Women are more likely than men to experience chronic pain, however emerging research into the gender of pain management shows that females are less likely to receive medications and may suffer more as a result. And the medications they do receive sometimes cause more harm than good.
Women are, on average, smaller than men and have a higher percentage of body fat, which means their bodies metabolize drugs differently. Although researchers believe some gender discrimination may be at play, biological disparities sometimes can and should influence how doctors prescribe drugs, scientists say.
Part of the problem is that women are underrepresented in medical research and so researchers aren’t clear of the differences among genders when drugs come onto the market. However, the medical community is increasingly aware of the issue and federal guidelines are beginning to change.
One change happened in 2013, when the Food and Drug Administration (FDA) recommended cutting doses of the popular sleep drug Ambien for women because they remained drowsier for longer periods of time than men, reports The New York Times. Women take longer to metabolize the drug, and the disparity in biochemistry affects other drugs, too.
Women and men process drugs differently, which means doses should vary by gender, researchers say.
For example, men and women react differently to anesthesia. However, in this case, women need more than men. This complicates the gender of pain management issue because women do not automatically need smaller dosages of every drug; it depends on the type of drug, according to The New York Times.
Because chronic pain affects 100 million people in the U.S., a large number of them women, the issue is critically important. And unfortunately, women’s concerns of pain are often overlooked, according to a research review conducted by the American Society of Anesthesiologists.
ASA Dr. Donna-Ann Thomas says:
“I can’t tell you the number of women I see who have been told they just have to live with the pain…It’s just heart breaking because many of these women have been suffering a long time. Women, especially older women are less likely to speak up and seek treatment for their pain.”
Researchers say the types of pain women needlessly suffer from include back pain and pain resulting from breast cancer surgery, which ASA says sometimes compares to phantom limb pain resulting from an amputation.
Doctors are often unaware of the different ways men and women experience pain, but the gender of pain management is a hot area of research.
ASA’s review of studies revealed that while women sometimes receive opioids, the drugs are frequently prescribed incorrectly and end up causing more harm than good. Proper use of anesthesia is also critically important during breast cancer surgery and can impact how well a woman recovers.
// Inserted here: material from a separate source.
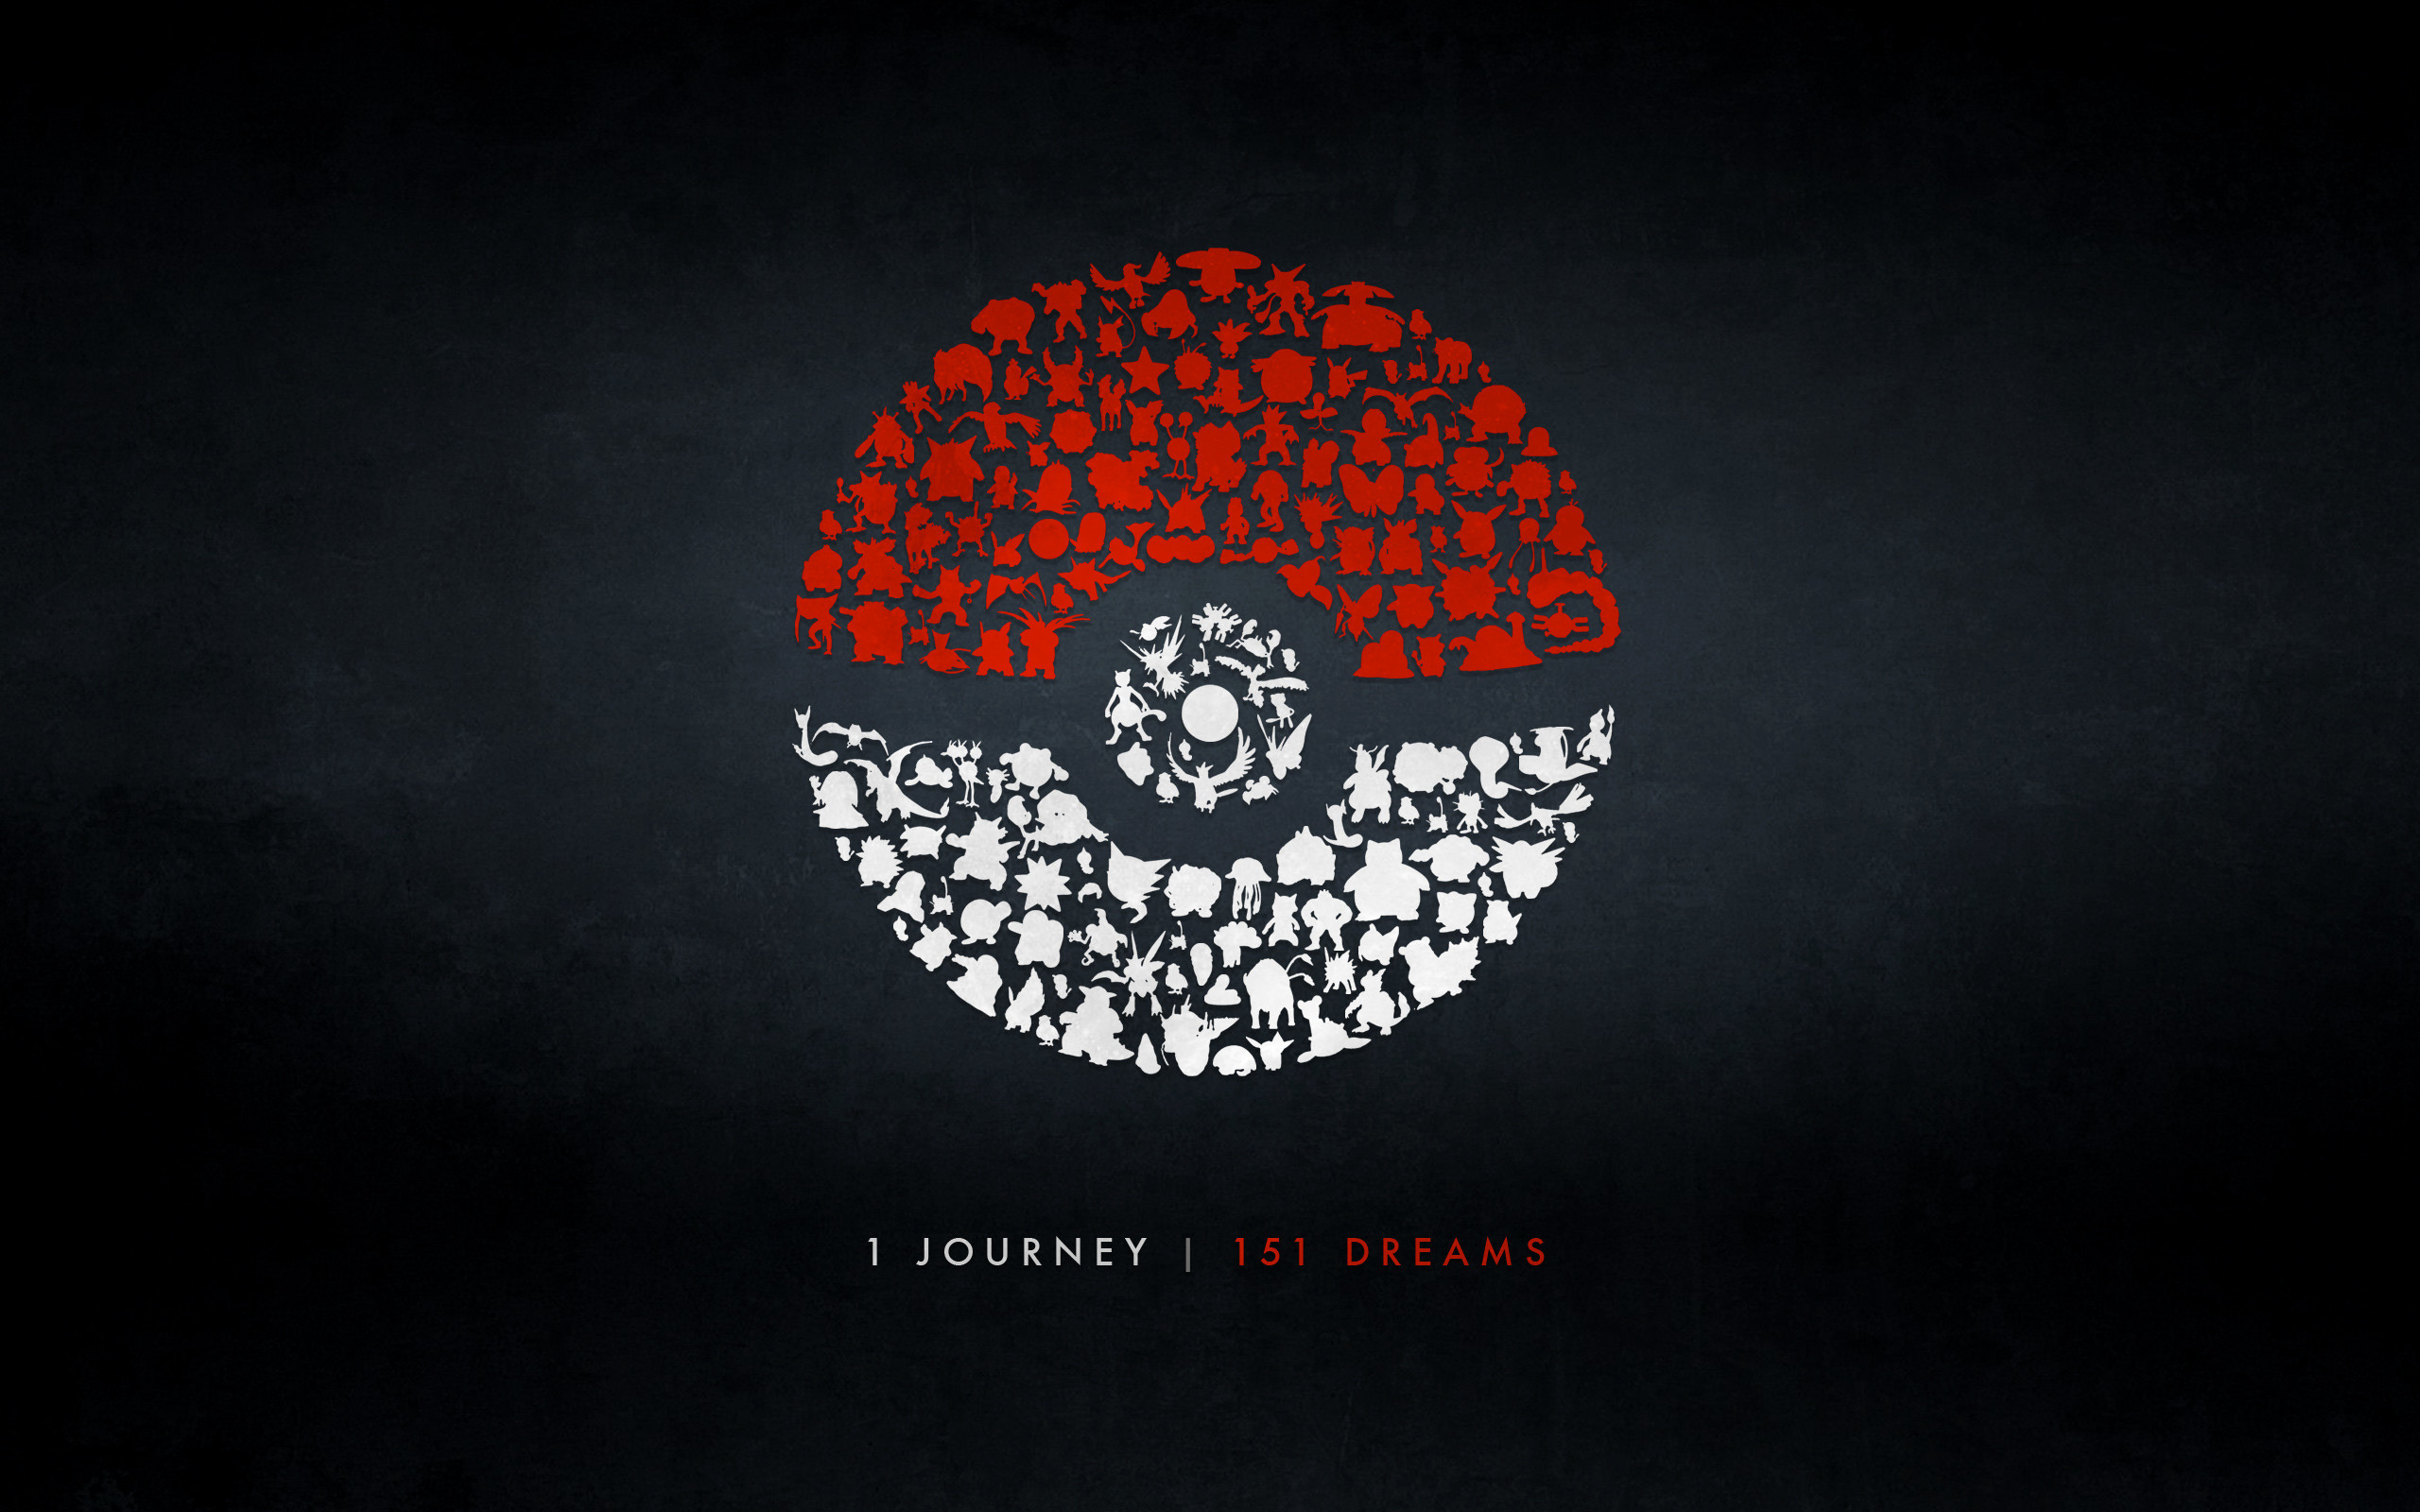 Pokemon Go HD

Some of the optimal ways of using anesthesia are not commonly used today. For example, ASA’s review showed the best anesthesia for breast cancer surgery is actually regional numbing combined with a nerve block injection, and not general anesthesia.
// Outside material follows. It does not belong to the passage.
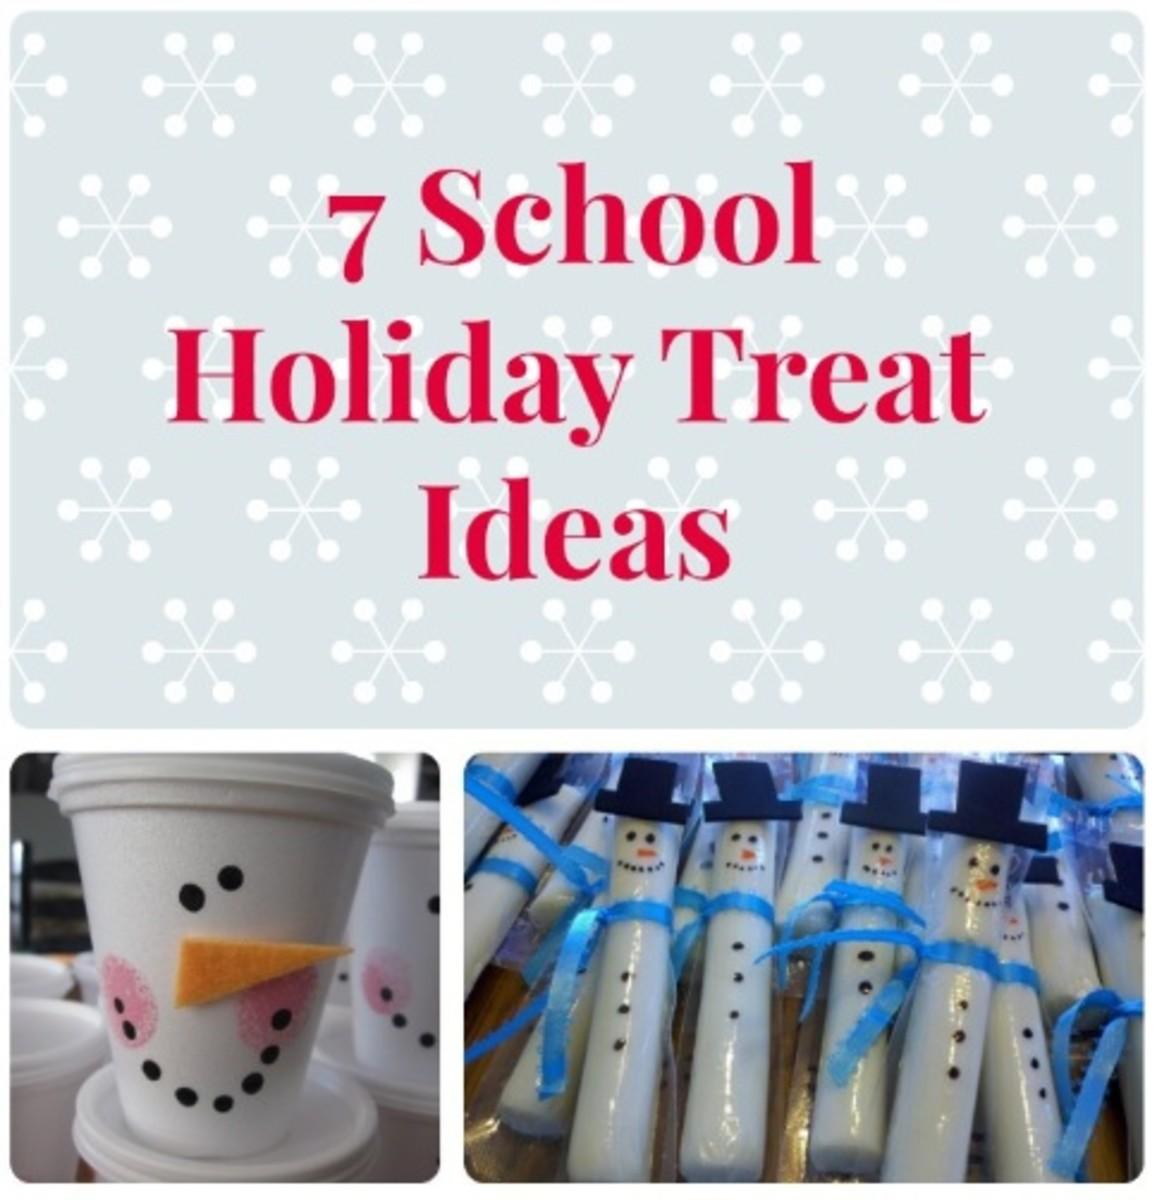 School Holiday Treat Ideas Featured

For other types of pain conditions, doctors are not aware of the array of effective alternatives to painkillers, researchers say. For example, music has been found to ease labor pains, yoga has been found to be a helpful tool in the fight against back pain, and rose oil reportedly helps relieve menstrual pain.
Researchers emphasized the importance of visiting a doctor who specializes in pain treatments since general practitioners may not have knowledge of alternative methods.
The potential damage from misusing pain medications is becoming more apparent every day. The ASA review found one in seven pregnant women are prescribed opioids for pain, a practice that may harm the unborn baby. Another ASA study revealed that opioid use has caused a growing addiction problem among pregnant women.
The number of opioid-dependent pregnant women has skyrocketed 127% in the last 14 years, leading to an increase in rates for maternal death and stillbirths.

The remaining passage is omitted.